May 2017 | View story as PDF
The art of storytelling translates individual experiences into collective memories.
By Rhea Cote Robbins
What’s your immigration story? Everybody has one. In Lynn Robinson’s short film And You From Yours (1993), Robinson tells the story of female immigrants uprooted from Quebec to the Northeast. Through powerful imagery Robinson conjures the range of emotions one experiences when one emigrates: the uncertainty, the acclimation, the indecision for the French Canadian woman of whether to stay or go back, and then finally the recognition of the freedoms gained.
Do you know your own immigration story? And how can you avoid stereotypes when telling that story? Throughout her film, Robinson weaves the tale of her own great-grandmother’s immigration, gleaned from details shared with her by her grandmother–her mémère.

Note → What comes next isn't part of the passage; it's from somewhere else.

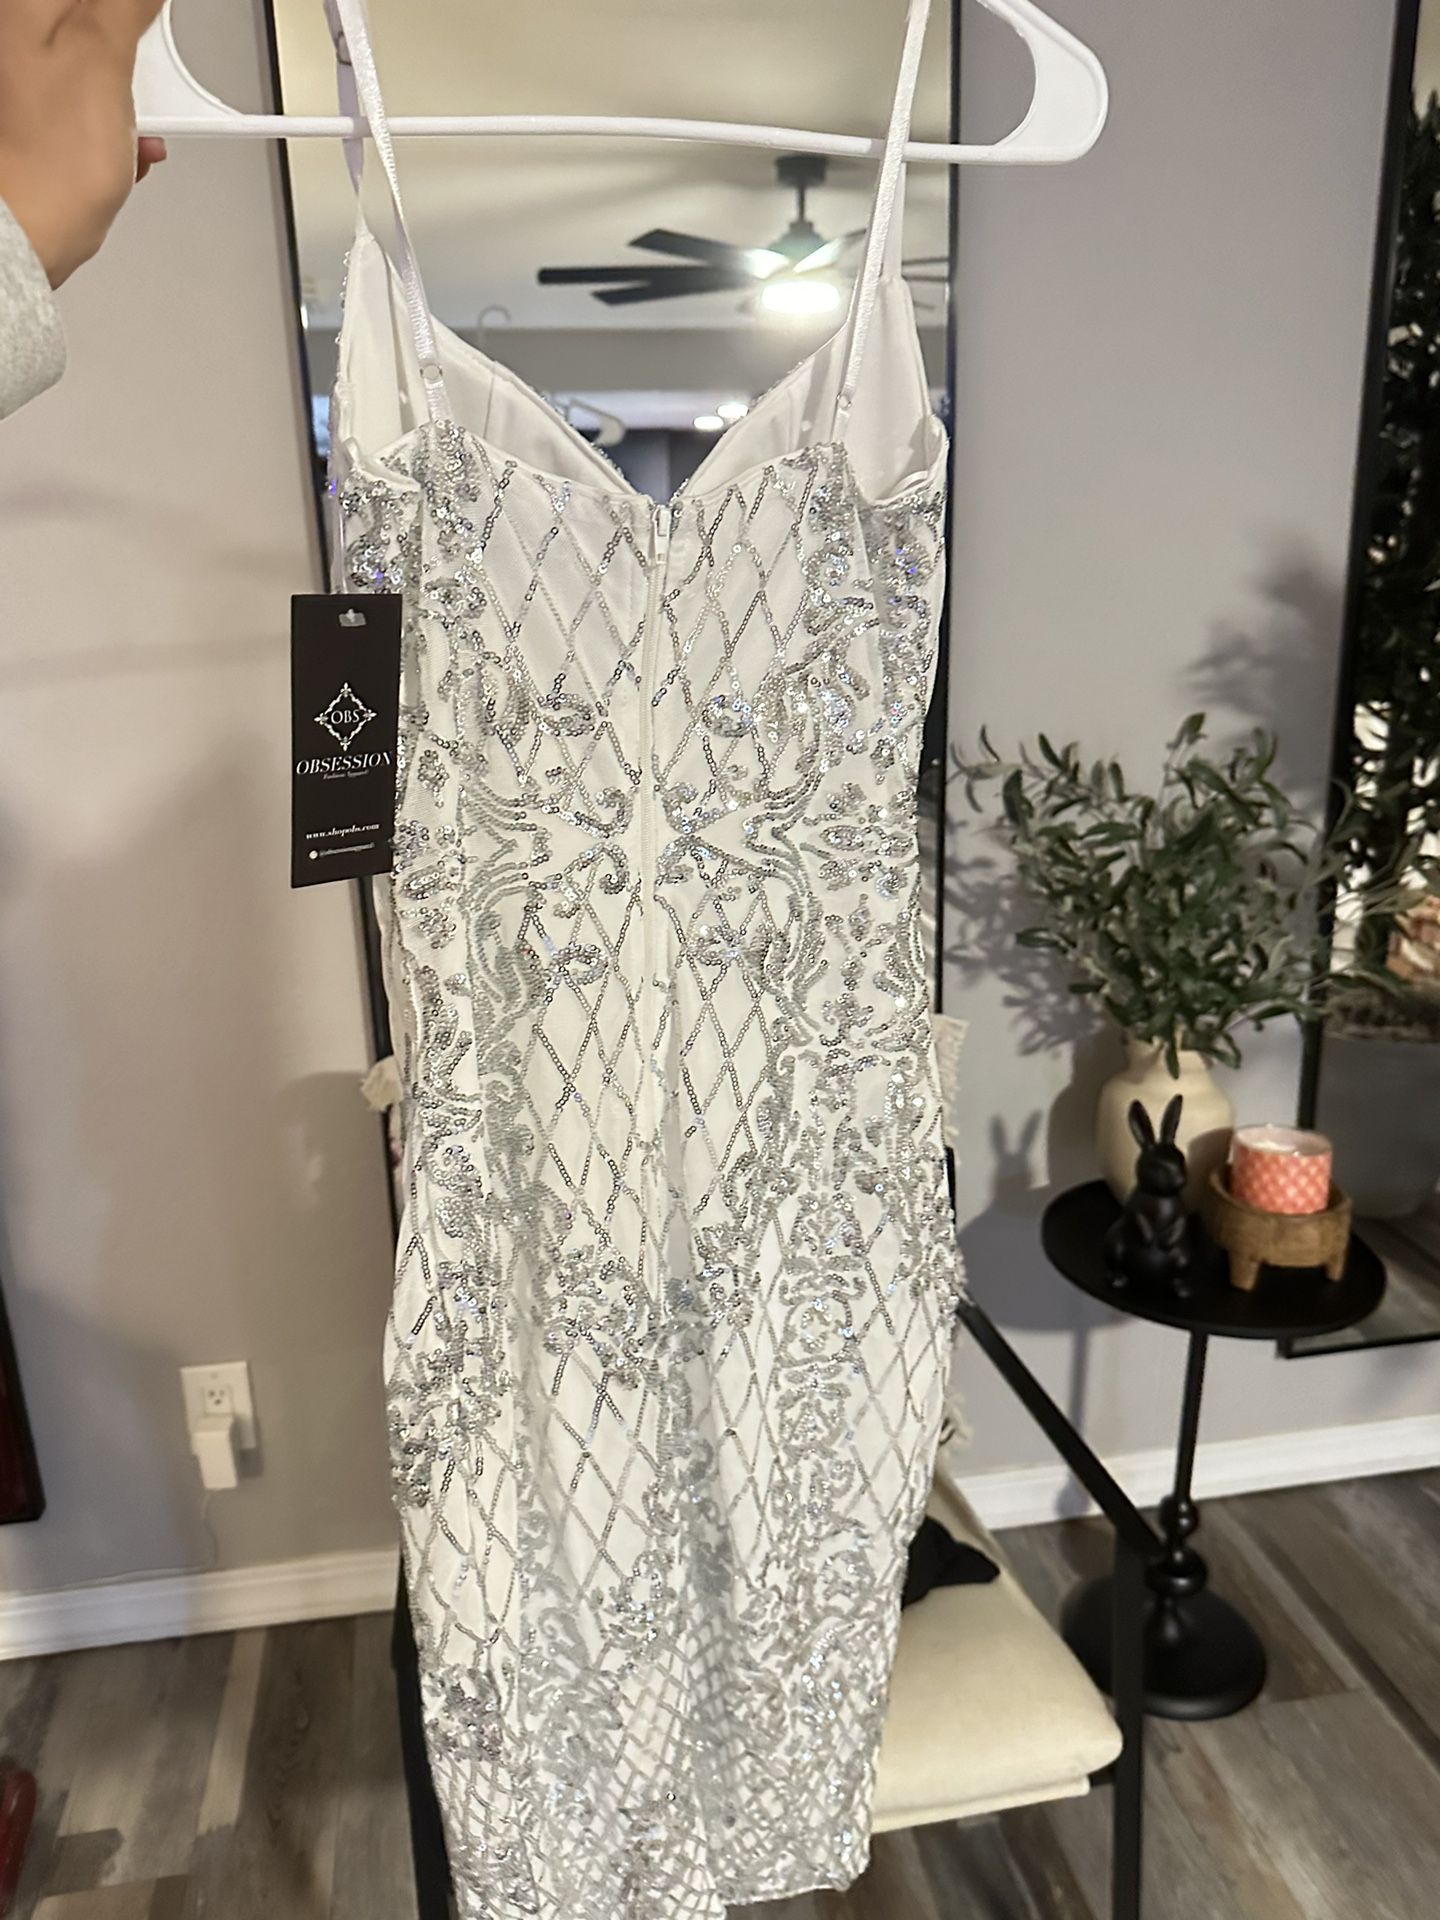 White & Sliver Dress

The film tells an intergenerational tale through the medium of flashbacks set between the 1870s and 1990s. Robinson drives the narrative using an epistolary format, unique imagery of landscapes, close-ups, and scenes revisiting her family’s former homestead. The story is told in broad strokes to allow space for the viewer to imagine her own experiences. What makes the film important to the French-Canadian heritage immigrants is that this is one of the few examples of such a film where the women are selfvoiced. If I were to express what I feel when I watch the film, I would say that I’m given freedom. It’s the freedom that only a story can give–and not just any story, but one I can relate to personally and profoundly.